20 hlfir-split-aor-dummies Split allocatable-array-of-records dummies into per-member descriptors.
21 hlfir-marshal-external-structs Expand registered-external aos calls into per-member arguments.
22 hlfir-flatten-structs AoS → SoA; emits the hlfir.flatten_plan attribute.
23 hlfir-mark-bounds-remap-views Tag F2003 bounds-remapping pointer assigns so a DaCe View is emitted.
24 hlfir-rewrite-pointer-assigns Collapse plain ptr => target rebinds under strict-no-alias.
25 hlfir-propagate-shapes Assumed-shape dummies acquire real extent symbols.
26 hlfir-version-shape-scalars SSA-version a straight-line reassigned scalar used as an array extent.
27 hlfir-lift-reduction-operands Lift inline reductions (max(x, MAXVAL(slice))) into a preceding scalar temp.
28 hlfir-default-intent Intent-less dummies default to intent_inout.
29 lift-cf-to-scf (late) Raw-CFG loops (DO WHILE, DO…EXIT) → scf.while + scf.if.
30 hlfir-preserve-mutable-globals Clear init bodies of caller-mutable BSS globals so sccp can't fold their loads.
31 hlfir-fold-assumed-rank-queries Fold fir.box_rank / fir.is_assumed_size when the box's rank/shape is statically known.
32 sccp,canonicalize,cse Fold + simplify + dedupe.

Bridge (HLFIR → SDFG)

The C++/MLIR bridge under dace_fortran/bridge/ is a nanobind Python extension (hlfir_bridge). bridge.cpp owns an MLIRContext and ModuleOp and delegates to: trace_utils.cpp (declaration tracing), extract_vars.cpp (variable/descriptor extraction), extract_ast.cpp plus bridge/ast/ (expressions, assigns, elementals, control_flow, dispatch) for the IR walk. The MLIR passes above live under dace_fortran/passes/ and link into the hlfir_bridge_passes static library. On the Python side, dace_fortran/hlfir_to_sdfg.py (SDFGBuilder) and dace_fortran/builder/ construct the SDFG; dace_fortran/intrinsics/ lowers Fortran intrinsics (elementwise, reductions, BLAS/LAPACK).

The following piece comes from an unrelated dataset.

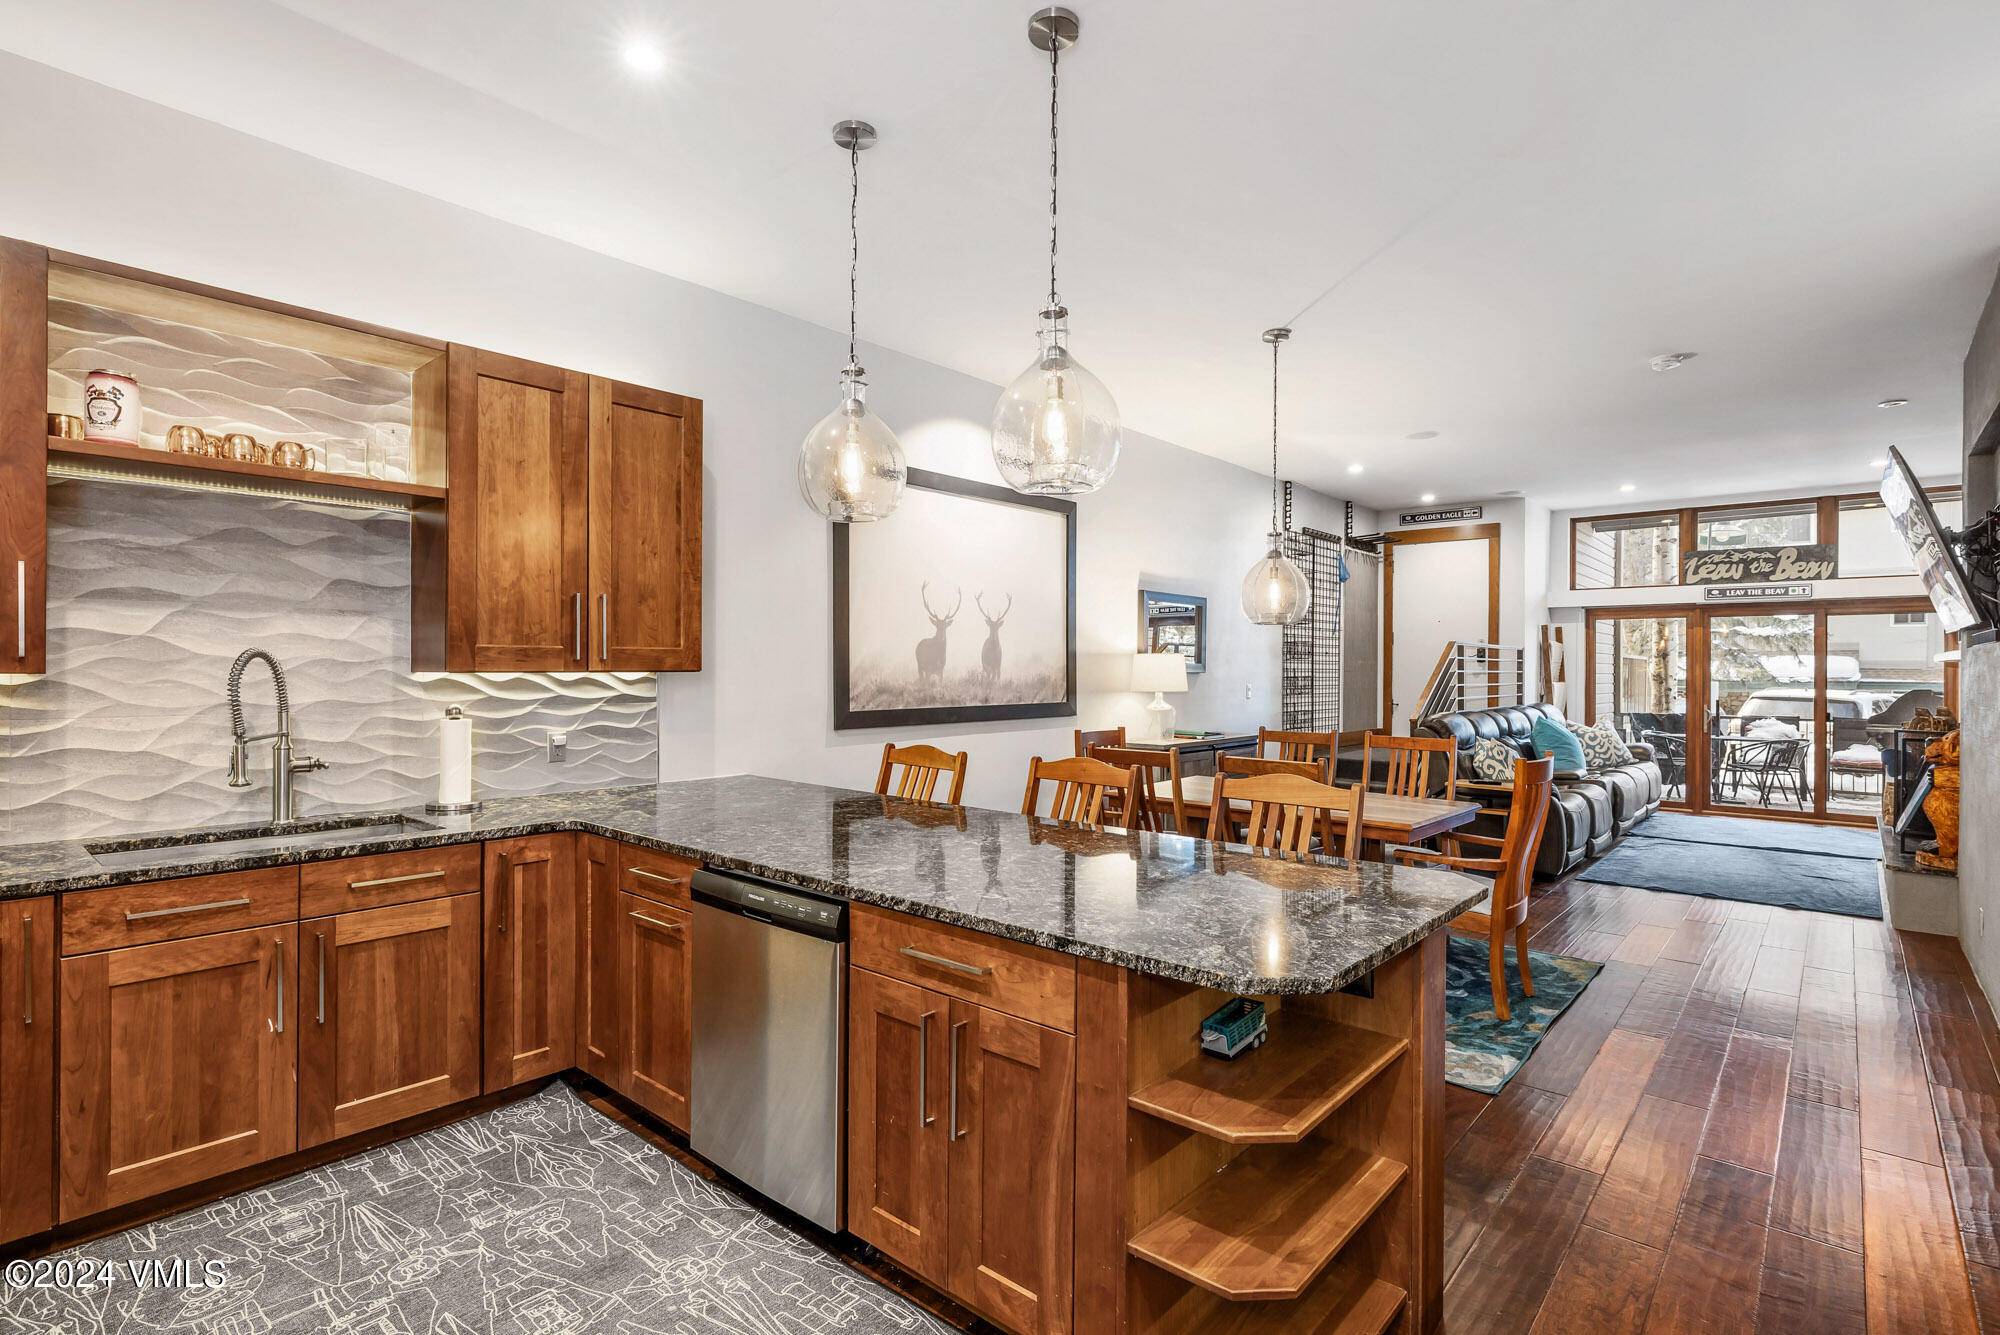 Nestled in the charming town of Avon, Colorado, this exquisite property offers an unparalleled lifestyle in a location that is truly second to none.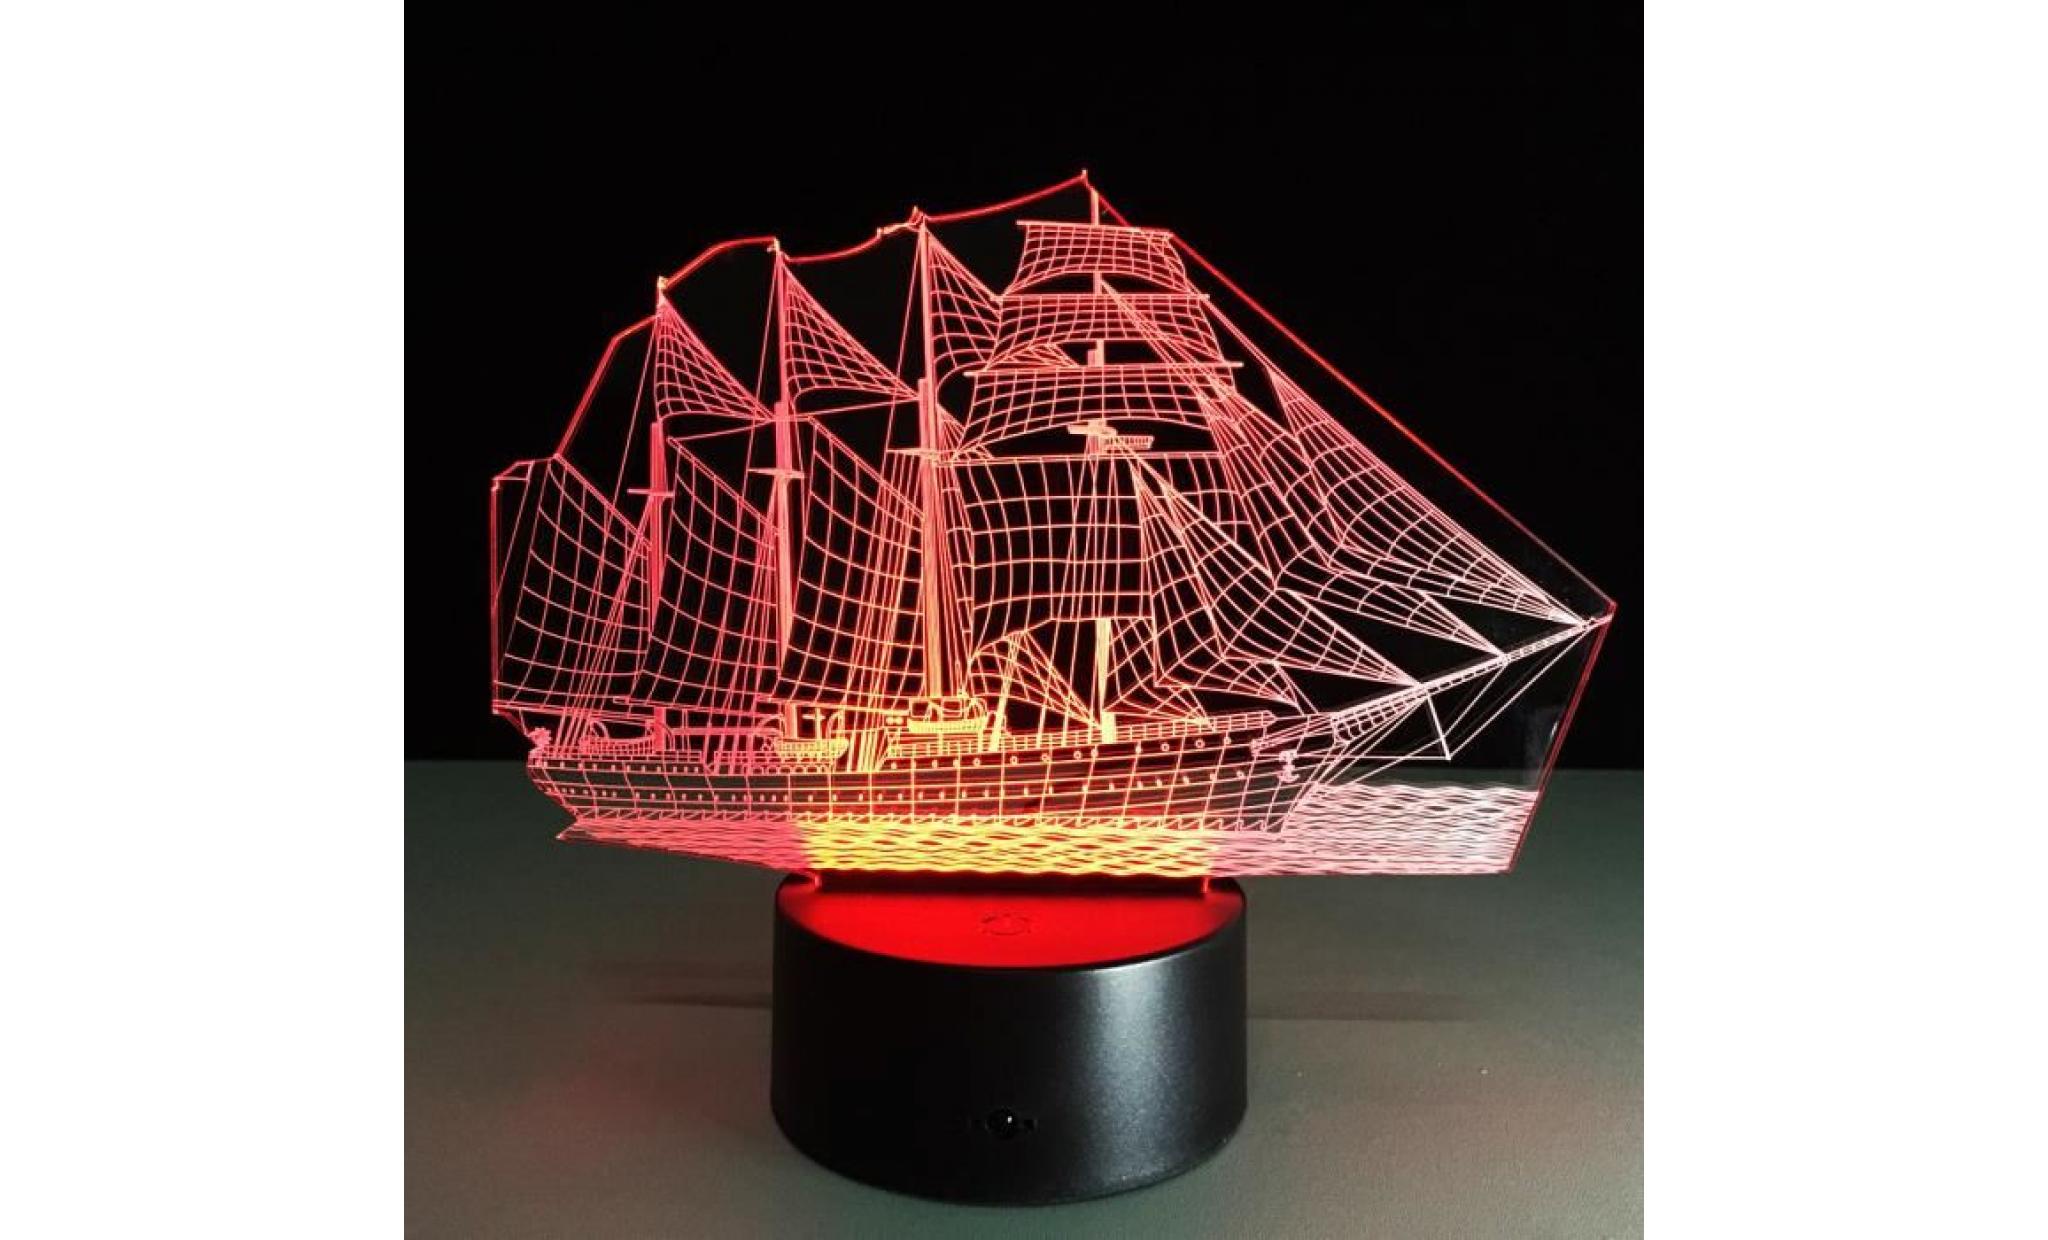 sailboat 3d illusion led night light 7 color touchswitch table desk lamp gift pageare1712 pageare1712 pas cher

Binding generation (SDFG → Fortran-callable .so)

dace_fortran/bindings/ runs after the SDFG is built, consuming three inputs: a FrozenSignature (the SDFG's argument list snapshotted at build time and drift-checked at codegen), an OriginalInterface (the caller-facing Fortran surface), and a FlattenPlan (the AoS→SoA record from hlfir-flatten-structs). It emits <entry>_bindings.f90, aliases zero-copy where layouts agree, generates copy-in/copy-out loops where the recipe demands, optionally emits a bind(c) flat-C-ABI shim, then compiles and links a .so.

Key design decisions

Three mechanisms do most of the work of turning idiomatic Fortran into a flat, monomorphic SDFG. They are documented here so the implementation files below are the only further reading needed.

1. Devirtualisation / monomorphisation (removing CLASS dispatch)

DaCe SDFGs are monomorphic: there is no runtime type dispatch. Two layers cooperate to guarantee every call site is statically resolved before SDFG construction.

  • Source-level monomorphisationdace_fortran/inliner/ast_desugaring/monomorphize_rewrite.py (with the analyzer monomorphize.py). A polymorphic CLASS(base) slot — a local variable, or a CLASS(base) component of a container type (e.g. ICON's t_ocean_solve%act) — is expanded into an INTEGER :: <var>__tag discriminator plus one concrete companion per arm, TYPE(arm) [, ALLOCATABLE] :: <var>__<arm>. ALLOCATE(concrete :: v) becomes v__tag = <k> (+ allocate(v__<arm>)), and a virtual dispatch CALL v%binding(args) becomes a static emit-all-always ladder — IF (v__tag == k) THEN; CALL <arm-proc>(v__<arm>, args); ELSE IF .... Each arm calls a concrete subroutine on a concrete TYPE, so the program lowers with only direct fir.calls and the <var>__tag reads become free symbols the SDFG sees (e.g. this_act__tag). Four primitives compose over the per-translation-unit MonomorphizationSpec: local-dispatch and component-dispatch ladders, shared-interposer cloning (specialise an inherited solve/construct per arm so its internal dispatch resolves statically), and RETYPE (an axis pinned to one concrete type at its construction site is collapsed by rewriting CLASS(base)TYPE(concrete) on its declarations, no tag needed). With stack_slots, arms become plain stack objects rather than allocatables, since the bridge cannot lower an allocatable derived-type scalar.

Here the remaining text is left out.